Predictions about what happens next in Britain's Brexit process presently have a shelf life of just a few hours before they are overtaken by the facts.
Almost three years after voters narrowly opted to leave the European Union, the Parliament in Westminster has been locked in a multi-factional squabble over the nature of the UK's exit.
With the usual rules cast aside, the body that likes to think of itself as the Mother of Parliaments is behaving more like a particularly badly behaved nursery class.
One day Brexit will be behind us - although politicians are still arguing over where to find the exit - but the legacy of Parliament's current nervous breakdown is likely to persist. That may involve a radical shake-up of a broadly two-party system that has persisted until now.
Although the UK prides itself on being among the world's oldest democracies - one whose model has been widely adopted elsewhere - the British never bothered with the kind of written constitution they were so keen to impose on their previous colonial subjects.
Hence the perception, in the political meltdown over Brexit, that the 650-member House of Commons is making up the rules as it goes along.
MPs frequently quote from Erskine May, a book drawn up by a clerk of the House in the mid-19th century which is regarded as being the Bible of constitutional precedent, but are quite happy to create new precedents when it suits them.
The emotional intensity of the Brexit debate has meanwhile exacerbated the in-built conflictive nature of British parliamentary proceedings.
In the House of Commons, rival politicians confront each other across the chamber, rather than in the more inclusive semi-circle of their continental counterparts. It is no coincidence that the distance between the two benches, of government and opposition, is just more than two swords' length.
By the bizarre conventions of the House, members are permitted to abuse their rivals in the harshest terms as long as they do not commit the cardinal sin of referring to them by name rather than by the name of the constituency that elected them.
In more normal times, the raucous and conflictive traditions of the House do not much matter. But what is normally a showplace of political theater, somewhat admired by bemused foreign observers, has transformed into political circus.
For most of the post-World War II era, the UK has been governed by one or other of two main parties: the broadly left-of-center Labour Party and the broadly right-of-center Conservative Party.

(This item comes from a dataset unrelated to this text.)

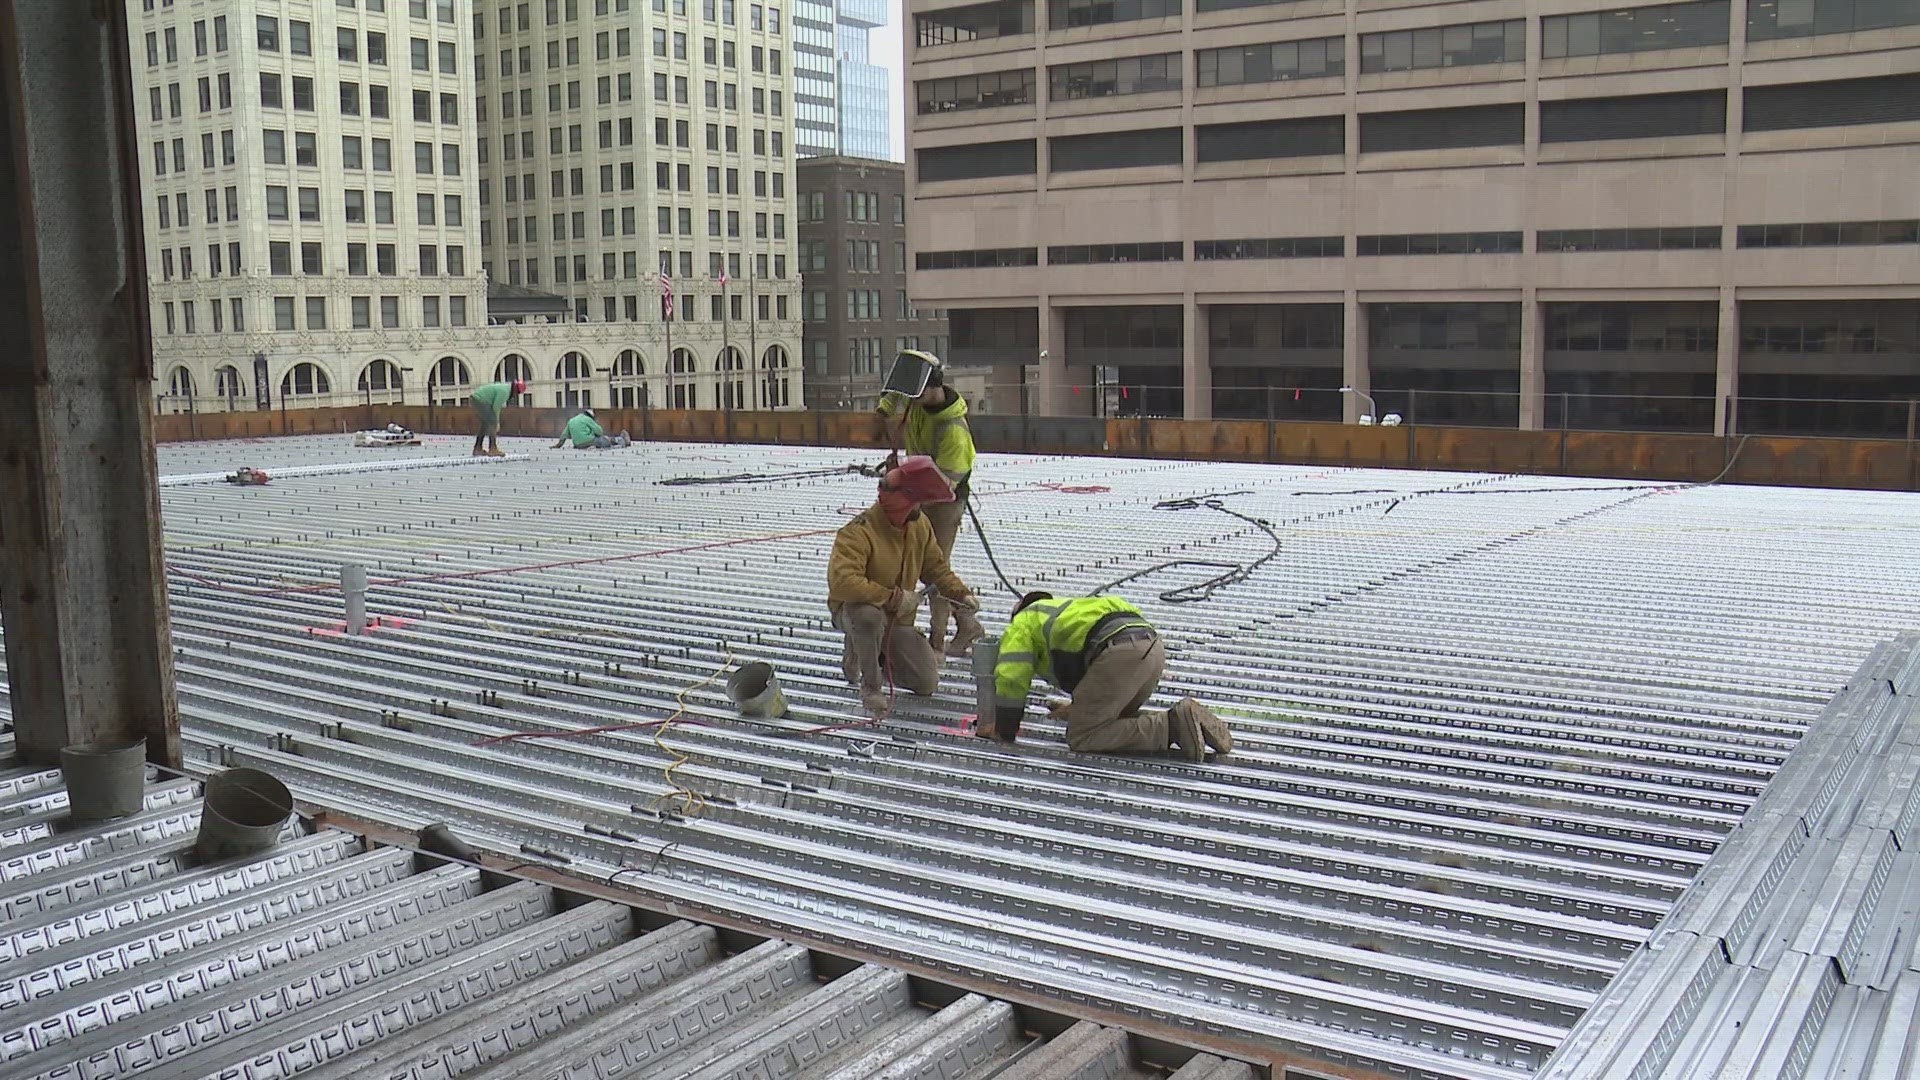 At the Huntington Convention Center of Cleveland, that preparation involves construction on a $49 million renovation project.

Those elected commit to supporting the agreed election manifesto of their party, even when they might not individually subscribe to every element of it.
The issue of EU membership, however, has proved so divisive that it has smashed that spirit of consensus within the rival parties. Splits over Brexit have particularly affected the Conservatives, although serious divisions are also apparent among the Labour opposition.

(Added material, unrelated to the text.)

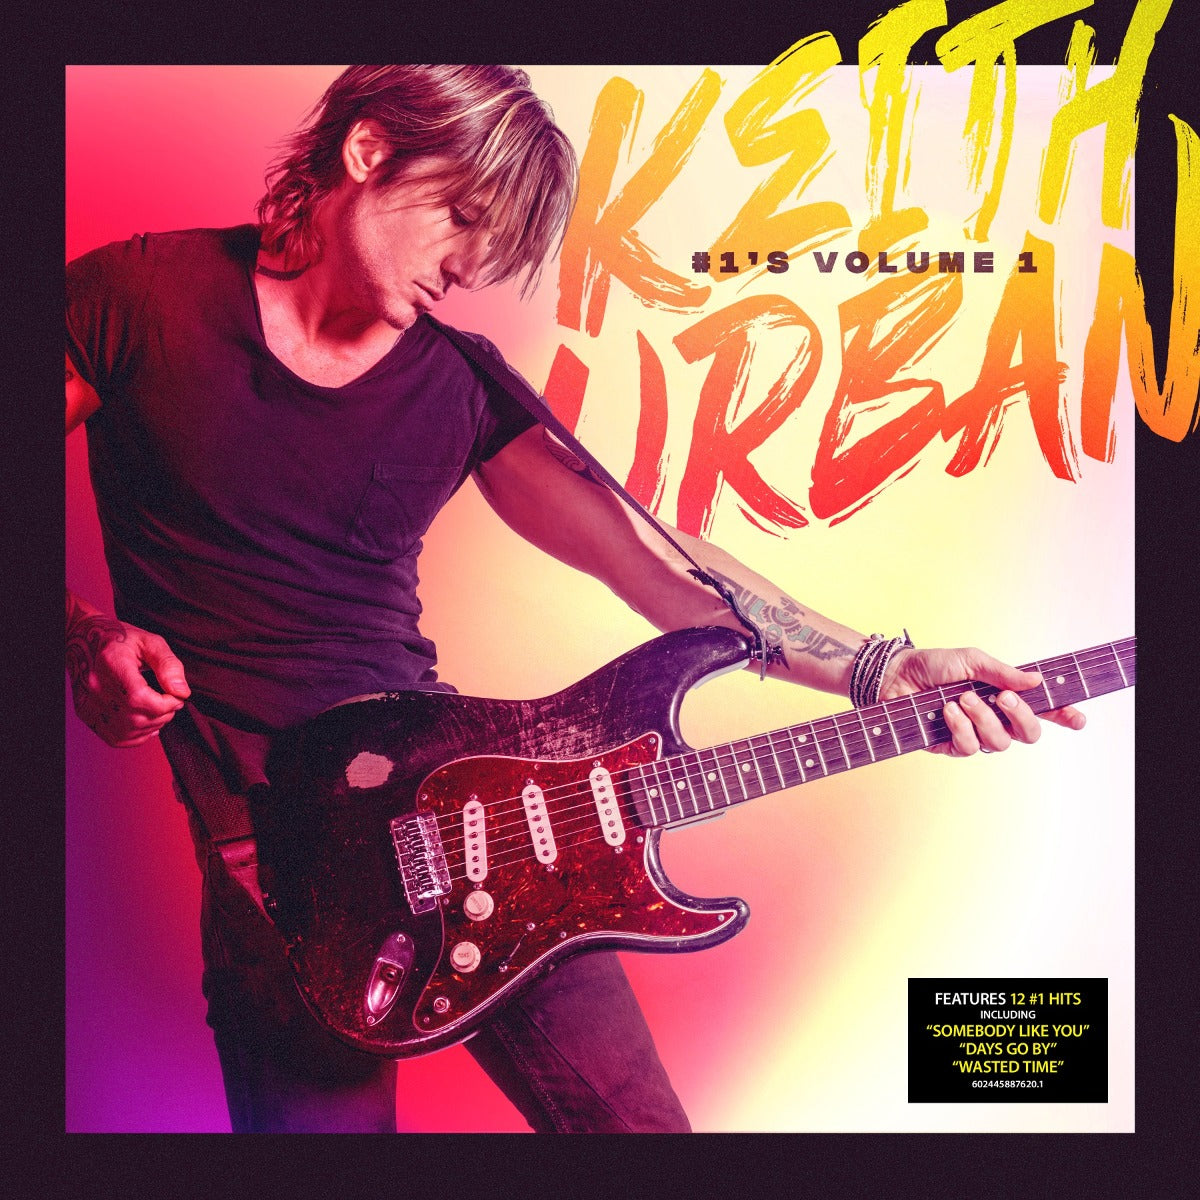 Keith Urban - Keith Urban - #1's Volume 1 (Limited Edition, Coke Bottle Green, Clear Vinyl, Poster) - Joco Records

The system under which party discipline is maintained by the aptly named "whips" has broken down under the pressure of Brexit rivalries.
Prime Minister Theresa May, with no guaranteed majority in the divided House, has had to accept having even fellow Cabinet ministers oppose her in the recent plethora of votes. Previously, such a transgression of party discipline would have meant automatic dismissal. But not in this environment.
Some MPs have found themselves so at odds with their party leaderships that they have quit to form an independent group within Parliament.
Until now, Britain has survived and thrived with what many would see as a somewhat antiquated and anachronistic parliamentary system thanks to a broad social consensus that emerged 70 years ago.
Rival post-war parties largely agreed on major issues such as free education and cradle-to-grave healthcare provided by the National Health Service, probably the nearest thing the UK has to a state religion.
That post-war consensus began to break down in the 1980s, a decade that saw former prime minister Margaret Thatcher take on the forces of organized labor. Meantime, nationalist parties have emerged to pursue the interests of their regions of the UK.
The 2016 EU referendum, which on one level was an attempt by then Prime Minister David Cameron to heal the rifts in his own Conservative Party, was dropped into this evolving political mix with all the subtlety of a hand grenade.
Currently, both Parliament and the country at large are irreconcilably divided about how to resolve the issue, raising questions about the very nature of UK style parliamentary democracy.
Ardent Brexit supporters insist that any softening of the terms of departure from the EU would be a betrayable of the democratic "people's will". Fervent Remainers argue that the vote to leave went through by a whisker and its winning number of votes represented barely a third of the entire population.
Eventually, the issue will be resolved - although no one would be bold enough to predict quite when that might be. But the spillover of the Brexit debacle is likely to fuel a serious rethink about whether the UK's venerable parliamentary traditions are still fit for purpose in the 21st century.